(Required action): Which of the lines in the records below hold the string "systems"? Copy every one of them.

(Items listed in a dataset)
************

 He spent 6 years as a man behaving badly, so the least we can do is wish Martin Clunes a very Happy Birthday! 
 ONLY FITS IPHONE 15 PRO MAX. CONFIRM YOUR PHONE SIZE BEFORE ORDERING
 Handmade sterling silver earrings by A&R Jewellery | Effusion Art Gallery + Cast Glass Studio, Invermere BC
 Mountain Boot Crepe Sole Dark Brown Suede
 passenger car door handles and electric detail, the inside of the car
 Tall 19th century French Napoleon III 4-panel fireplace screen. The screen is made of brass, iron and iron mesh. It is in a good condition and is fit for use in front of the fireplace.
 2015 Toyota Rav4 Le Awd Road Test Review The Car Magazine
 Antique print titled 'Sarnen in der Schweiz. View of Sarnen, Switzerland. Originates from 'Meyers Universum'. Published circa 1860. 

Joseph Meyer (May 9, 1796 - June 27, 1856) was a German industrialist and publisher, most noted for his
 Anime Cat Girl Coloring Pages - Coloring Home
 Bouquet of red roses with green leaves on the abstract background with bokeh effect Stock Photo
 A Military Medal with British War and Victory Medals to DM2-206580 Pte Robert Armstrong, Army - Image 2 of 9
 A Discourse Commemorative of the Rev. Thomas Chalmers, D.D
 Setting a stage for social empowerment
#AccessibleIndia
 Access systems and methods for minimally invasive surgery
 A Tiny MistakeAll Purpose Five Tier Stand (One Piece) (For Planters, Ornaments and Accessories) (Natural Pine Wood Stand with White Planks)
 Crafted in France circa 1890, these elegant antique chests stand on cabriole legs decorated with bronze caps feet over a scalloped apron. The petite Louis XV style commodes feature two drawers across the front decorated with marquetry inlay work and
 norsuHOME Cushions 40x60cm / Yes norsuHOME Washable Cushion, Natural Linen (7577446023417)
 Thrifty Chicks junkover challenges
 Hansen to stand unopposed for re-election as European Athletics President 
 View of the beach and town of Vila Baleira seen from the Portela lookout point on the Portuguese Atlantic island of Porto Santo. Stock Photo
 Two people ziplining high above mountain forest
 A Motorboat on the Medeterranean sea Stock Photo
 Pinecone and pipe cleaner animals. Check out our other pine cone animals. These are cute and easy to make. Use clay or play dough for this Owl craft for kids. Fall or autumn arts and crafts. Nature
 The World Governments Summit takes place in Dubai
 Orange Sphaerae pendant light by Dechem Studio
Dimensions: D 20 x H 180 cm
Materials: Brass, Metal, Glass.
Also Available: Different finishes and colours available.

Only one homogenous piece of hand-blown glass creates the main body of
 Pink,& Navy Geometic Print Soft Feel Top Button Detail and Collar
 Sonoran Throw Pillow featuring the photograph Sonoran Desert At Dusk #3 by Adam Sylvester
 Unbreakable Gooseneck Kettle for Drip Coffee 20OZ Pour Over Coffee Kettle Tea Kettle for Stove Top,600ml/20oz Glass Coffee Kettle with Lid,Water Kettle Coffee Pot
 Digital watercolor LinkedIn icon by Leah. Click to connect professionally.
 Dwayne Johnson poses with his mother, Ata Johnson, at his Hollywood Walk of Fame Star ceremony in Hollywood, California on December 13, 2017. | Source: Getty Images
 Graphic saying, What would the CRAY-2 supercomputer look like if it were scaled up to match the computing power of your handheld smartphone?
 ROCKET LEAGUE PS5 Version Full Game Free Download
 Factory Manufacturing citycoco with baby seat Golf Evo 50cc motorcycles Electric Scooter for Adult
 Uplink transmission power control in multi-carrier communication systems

************

(Your response):
 Access systems and methods for minimally invasive surgery
 Uplink transmission power control in multi-carrier communication systems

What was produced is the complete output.